13. April 2016

Iran: süsse Mädchen und dunkle Wolken

Jemand hat mal die persische National-Suppe „Asch Reschteh“ als „Magenvernichtungswaffe“ beschrieben. Heute Morgen stand ein ganzer Topf voll auf dem Frühstücksbuffet. Da konnte ich natürlich nicht widerstehen. Die grüne Suppe ist sehr breiig und es schwimmen Kichererbsen und Bohnen darin – und sie schmeckt ausgesprochen gut.

Vor dem Bazar stehen einige Radfahrerinnen. Sie sind aus Kerman im Südosten Irans hierher geradelt und wir freuen uns gemeinsam über die Zielankunft.

Wir schlendern durch den Bazar. Es sind noch nicht so viele Leute da und wir geniessen die morgendliche Ruhe. Da und dort zweigen Gassen zu malerischen Innenhöfen ab. Darin blühen Blumen und es ist ganz ruhig; so ganz anders als in den geschäftigen Bazar-Gassen.
Ein Verkäufer bietet verschiedene uns völlig unbekannte Speisen feil.

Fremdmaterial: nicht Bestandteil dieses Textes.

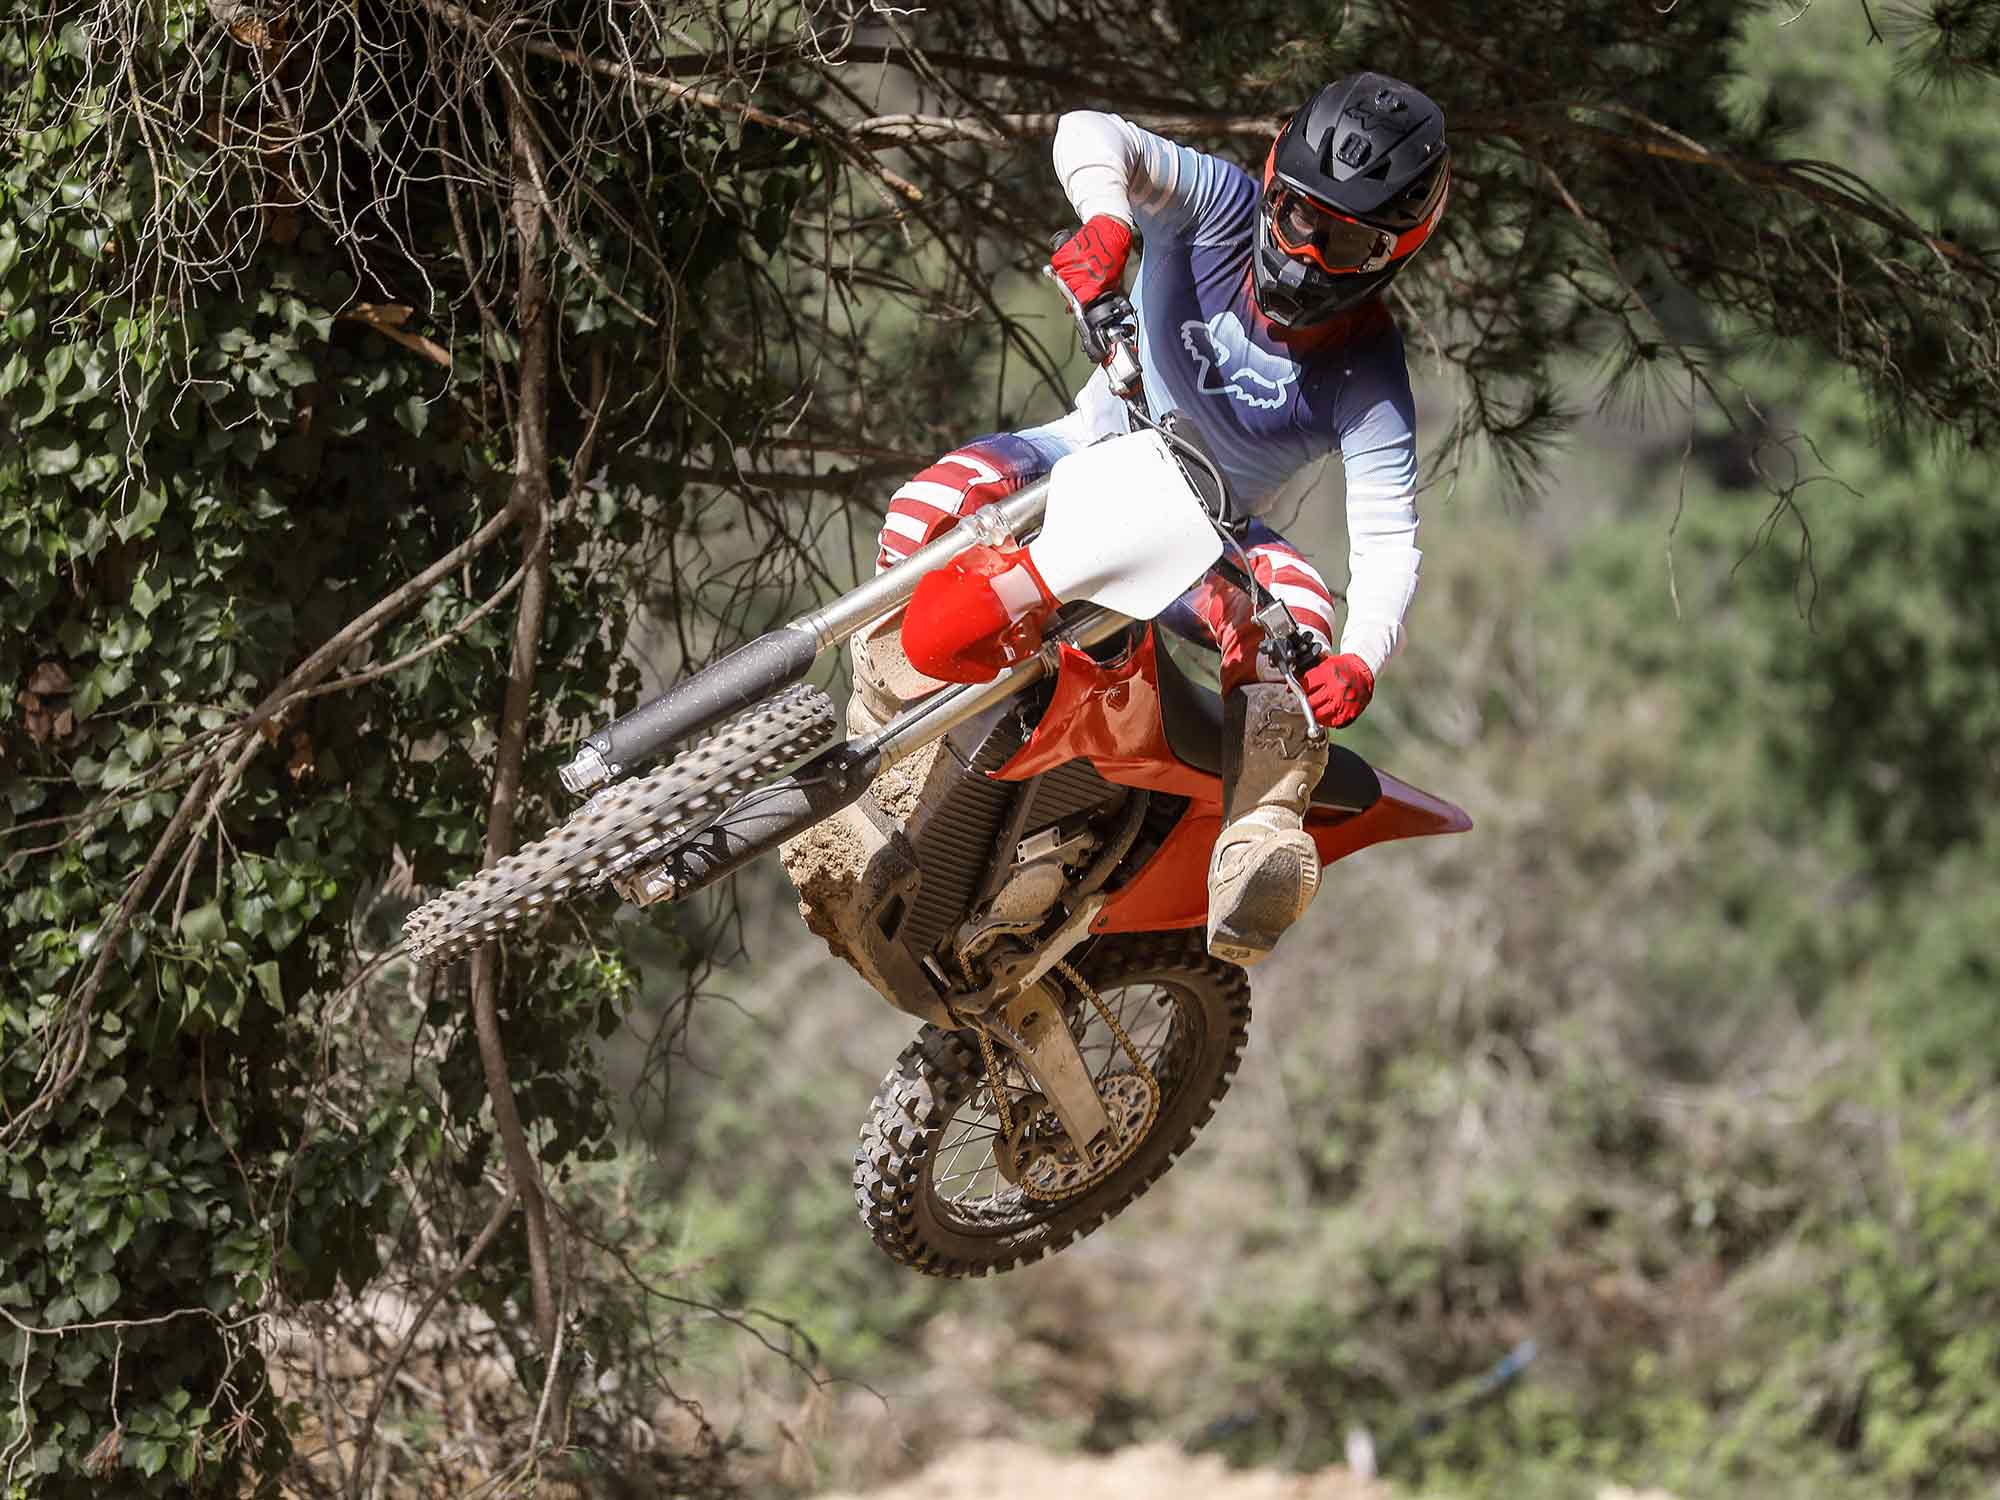 We Test Ride the All-Electric Stark Future VARG MX - Motocross Feature -  Vital MX

Wir probieren kleine käsige Kügelchen, in Sirup eingelegte Sauerkirschen und eine gummiartige Süssigkeit. Die schmeckt ganz fein, ist aber zäh – bis mir der Händler erklärt, dass ich vorher hätte die Plastikfolie entfernen sollen.

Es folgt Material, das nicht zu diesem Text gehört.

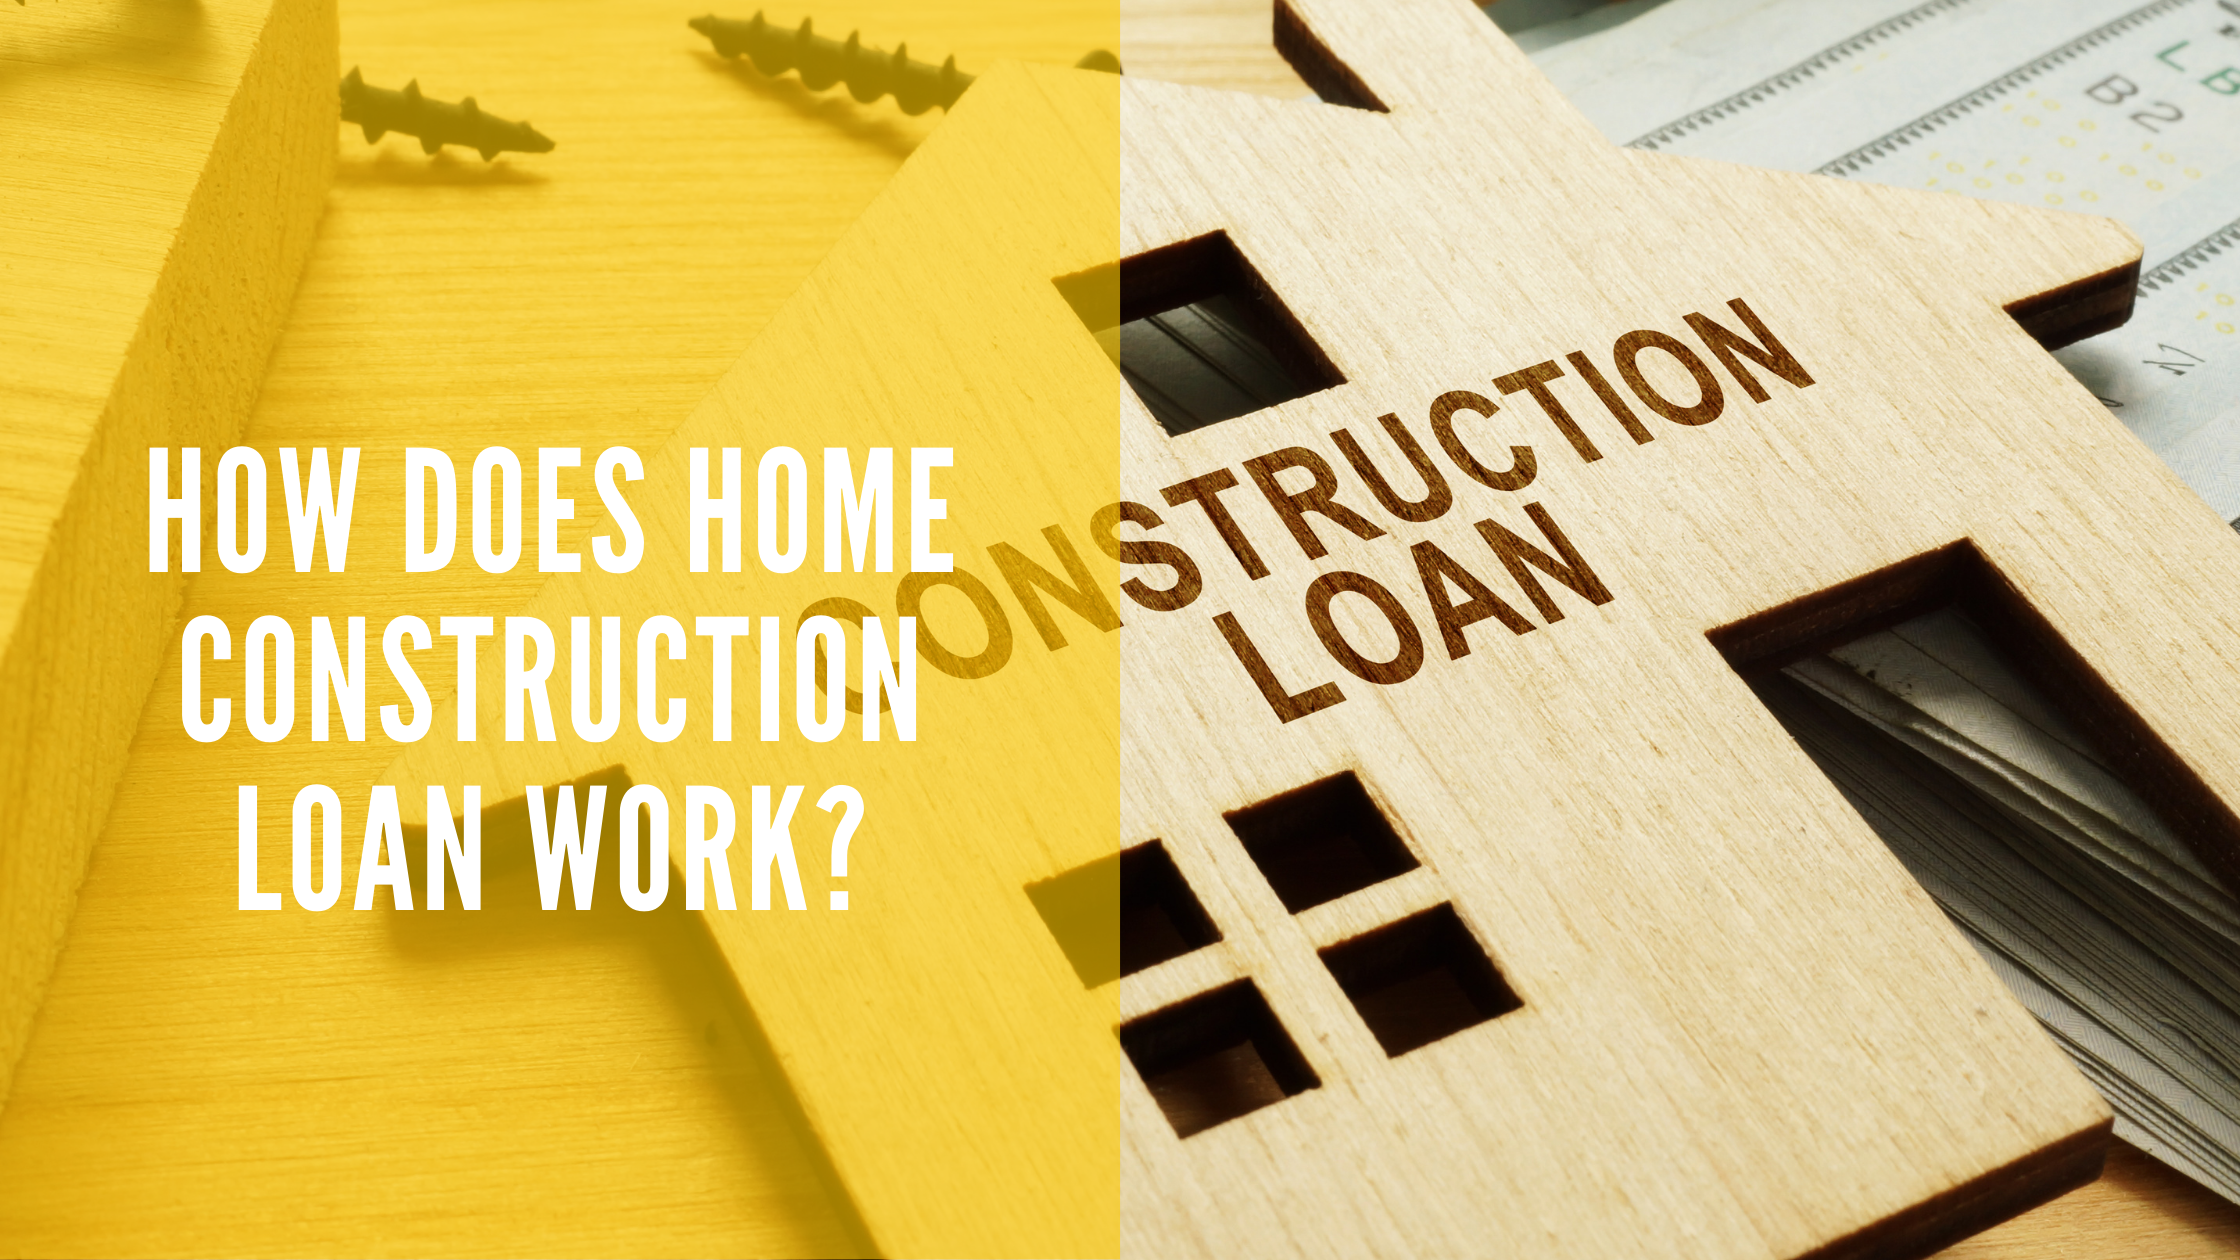 How Does Home Construction Loan Work?

Nach ungefähr zwei Kilometer endet der Bazar am neuen Imam Ali Platz (n32.6671, e51.6842). Bei meinem letzten Isfahan-Besuch brodelte hier noch der Strassenverkehr. Nun sind die Strassen unter die Erde verlegt worden, die Altstadthäuser abgerissen und ein riesiger Platz breitet sich stattdessen aus. Wie eine Kopie des alten Meidan-e-Imam. Rundherum sind wieder diese Arkaden mit unzähligen Ladengeschäften. Hier gibt es auch zahlreiche Tschador-Händler. Die schwarzen Überwürfe gibt es nämlich in vielen Ausführungen. Von ganz simpel bis mit allerlei Glitzerkram bestickt für die modebewussten Iranerinnen. Die meisten Frauen tragen aber eher bloss ein Kopftuch oder einen einfachen Hidschab.

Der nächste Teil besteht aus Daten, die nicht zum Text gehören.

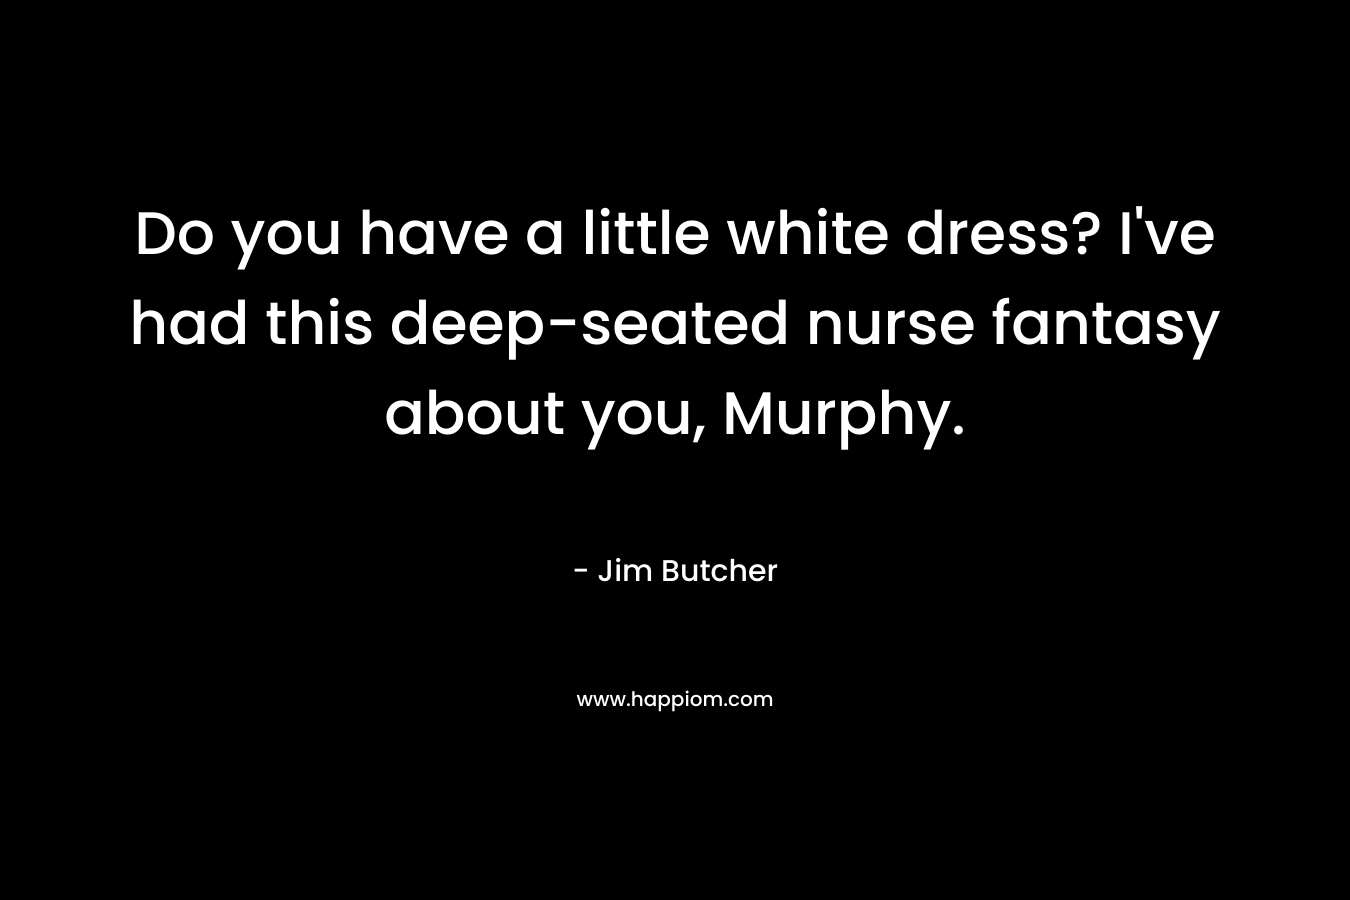 Do you have a little white dress? I've had this deep-seated nurse fantasy about you, Murphy.

Direkt vom neuen Imam Ali Platz kann man nun in die Freitags-Moschee (n32.6697, e51.6852) hinein. Die Moschee besteht im Wesentlichen aus einem grossen Hof mit vier reichgeschmückten Portalen. Sie ist eine typische vier-Liwan-Moschee, wie man sie vor allem aus Zentralasien kennt. Die eigentliche Moschee ist innen eher enttäuschend schlicht ausgestattet. In der Kuppel nisten Vögel und der Boden müsste wieder mal geputzt werden.

Leider ziehen am Nachmittag wieder weisse Schleierwolken auf. Es ist heiss und die restliche Sonne blendet. Wir marschieren quer durch den Bazar zu unserem neuen Lieblings-Café. Es heisst „Cafe Narvan“ und ist ganz klein. Und eines der ganz wenigen im Bazar. Heute gibt es Eiscafe und für Frau G. einen Schoggi-Kuchen.

Auf dem Nachhauseweg wollen wir noch schauen, wo unsere Autovermietung zuhause ist, damit wir sie morgen dann auch finden. Am Tor spricht uns ein Mann an: «Ich bin Europcar und du wohl der Muger?». Er hat mich erkannt, weil ich bei der Buchung eine Kopie meines Führerscheines geschickt habe! Wir nutzen die Gelegenheit und erledigen gleich den Papierkram. Unser Auto steht zurzeit noch in Teheran, soll aber morgen früh aber hier sein – hierhin sind es ja bloss 450 Kilometer!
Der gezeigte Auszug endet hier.